2) Hit the F9 key to load BIOS Defaults, then hit the F10 (save changes)

 

3) At the MAIN menu verify the BIOS revision is 02.06.0006

 

4) Move cursor to the SERVER MANAGEMENT Menu

 

5) Move cursor down to the SYSTEM INFORMATION Option and hit Enter

 

6) Verify the BMC Firmware revision is 01.28.10603

 

7) Verify the SDR revision is 1.09

 

8) Verify the ME Firmware revision is 02.01.07.328

 

9) Hit the F10 Key to save changes and Exit

 

 

If it works, do the same with FRUSDR https://downloadcenter.intel.com/download/23156/Intel-Server-Board-S2600CO-Firmware-Update-Package-f... version 1.11

 

 

I would be waiting for the outcome of this workaround. Let me know the brand name and model of the chassis.

 

 

Regards,

 

Mike C
GMigu1
Beginner
235 Views

Hi Mike,

Fist os all , thank you for your time and help.

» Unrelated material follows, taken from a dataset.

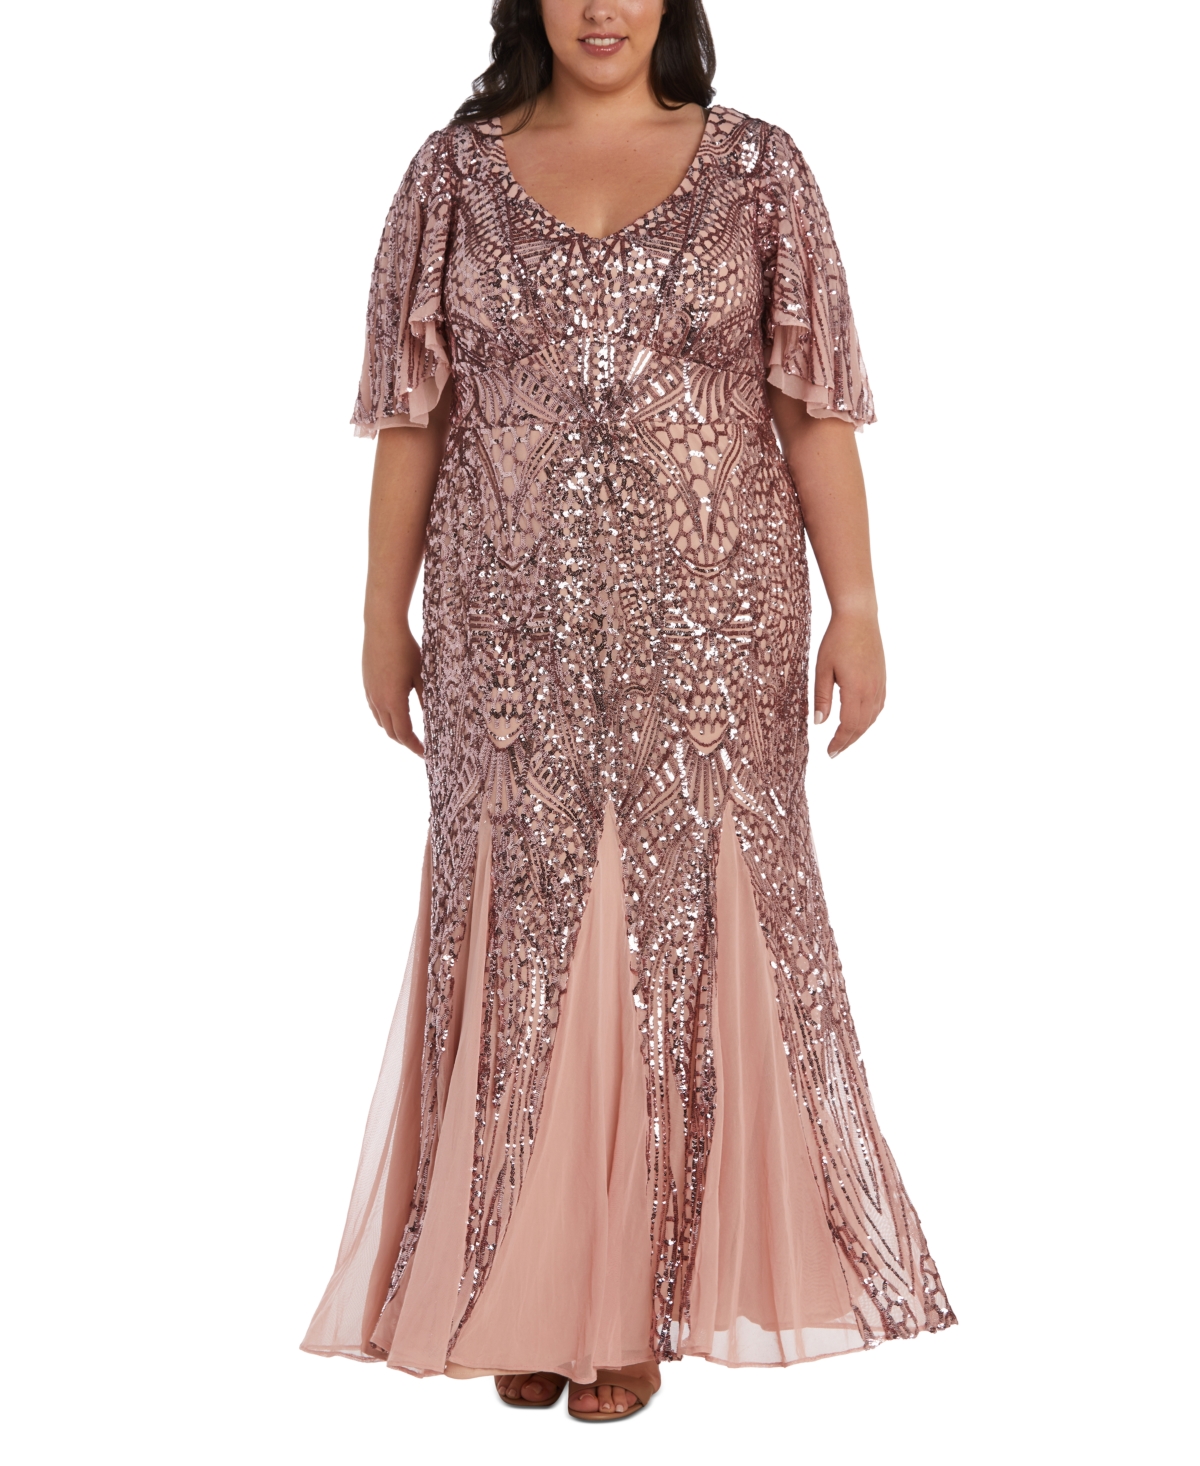 Downton Abbey Inspired Dresses Nightway Plus Size Sequin Flutter-Sleeve Godet Gown - Mauve $209.00 AT vintagedancer.com

Checking your script I did not saw any reference of jumper change on the motherboard so I can assume that this is not necessary, right?

I am travelling and will return to the university on Friday, reason why I ask you: Do you think that it's better to wait until Friday to execute this procedure on site or it is safe to execute this procedure using the SOL?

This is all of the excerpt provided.